Durch den erneuten Rückgriff auf die Entstalinisierung versuchte Chruschtschow seine geschwächte Machtposition gegenüber seinen innerparteilichen Gegnern wieder zu festigen.

Ende der Entstalinisierung

Chruschtschow wurde 1964 aufgrund des verlorenen Rückhalts innerhalb des Zentralkomitees abgesetzt. Enttäuschte Hoffnungen in der Wirtschaftspolitik, eine Konzentration der Macht in der Hand eines Einzelnen und eine Reihe strittiger außenpolitischer Entscheidungen hatten zum Machtverlust geführt. Als Nachfolger trat Leonid Breschnew die Position des Ersten Sekretärs des ZKs der KPdSU an.

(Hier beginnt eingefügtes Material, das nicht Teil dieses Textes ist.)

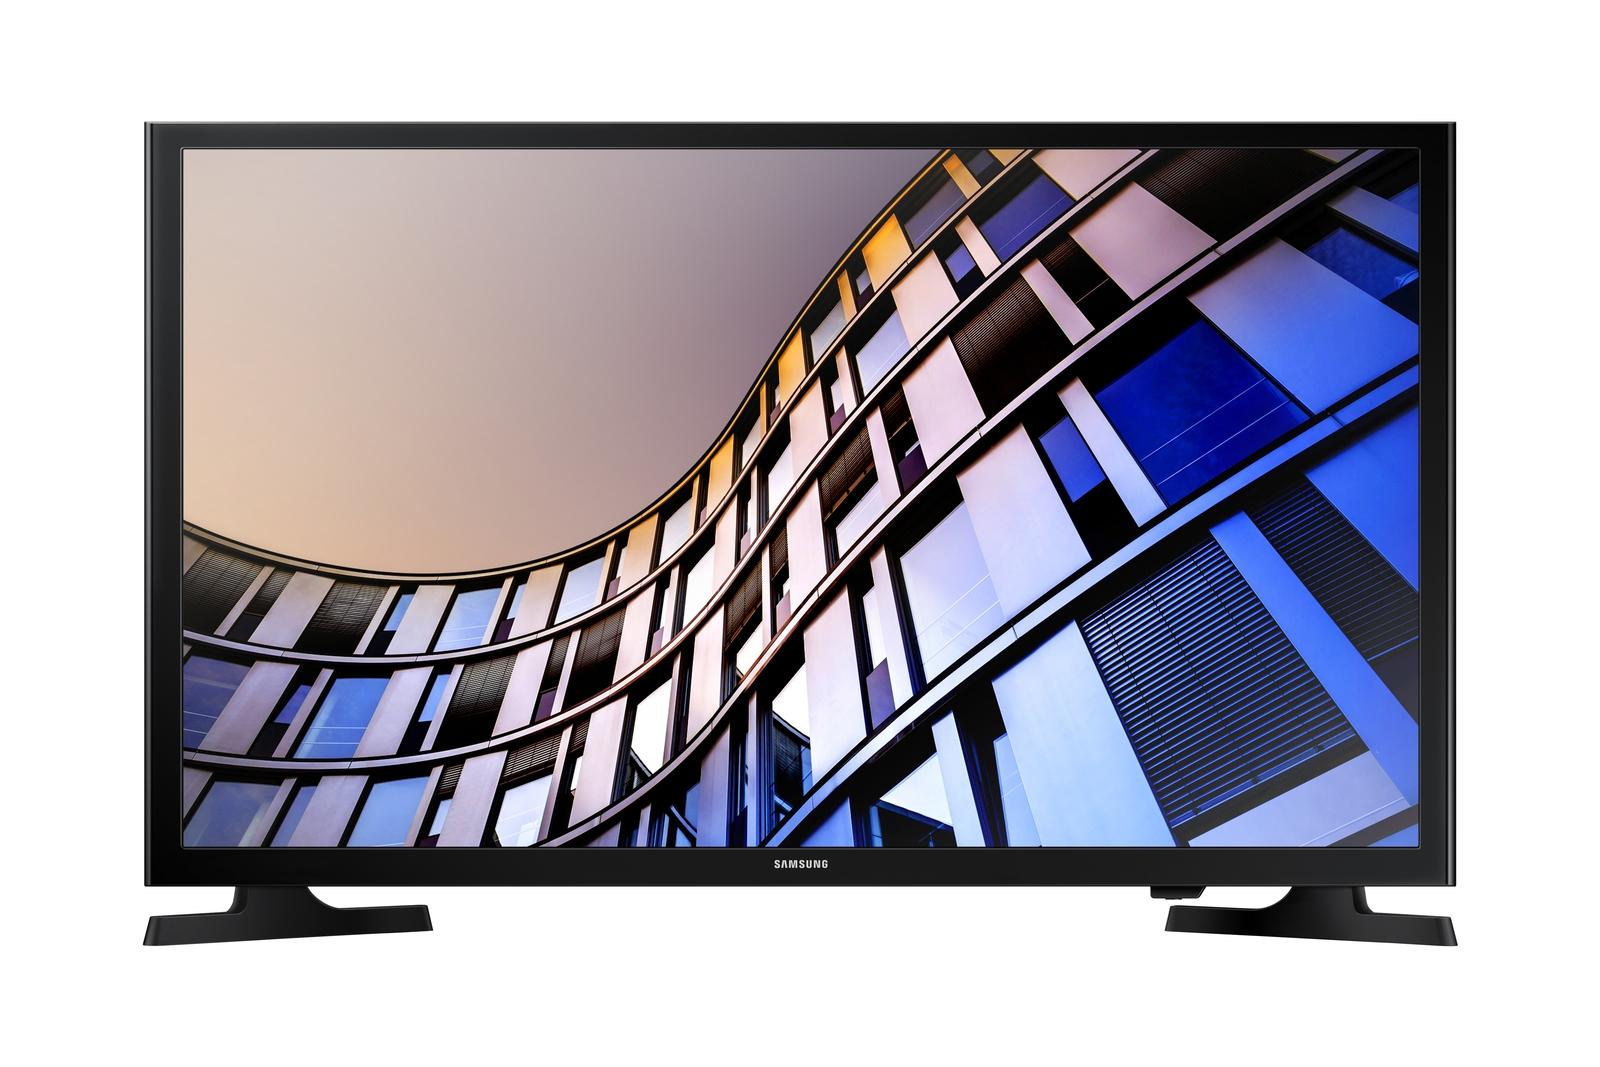 """Samsung 32"""" Class M4500 HD TV, Glossy Black"""

Unter der neuen Führung wurden keine weiteren Maßnahmen einer aktiven Entstalinisierungspolitik mehr ergriffen, man orientierte sich stattdessen wieder an den Prinzipien und Traditionen des Stalinismus, deshalb spricht man in diesem Zusammenhang auch vom so genannten Neostalinismus. Als symptomatisch für die Übergangszeit von der Entstalinisierung zur Neuausrichtung kann der Fall des Historikers Alexander Nekritsch gelten. Er kritisierte 1965 in seinem Buch „22. Juni 1941“ Stalins Versäumnisse am Vorabend des deutschen Überfalls auf die Sowjetunion und befand sich damit weitgehend auf dem Boden der Kritik, die Chruschtschow bereits in seiner Geheimrede an Stalin geübt hatte. Obwohl Nekritschs Darstellung auf große Zustimmung stieß, kam das Buch 1967 auf den Index. Darüber hinaus wurde Nekritsch der Grundlage seiner wissenschaftlichen Lehr- und Forschungstätigkeit beraubt, so dass er 1971 schließlich in die USA emigrierte.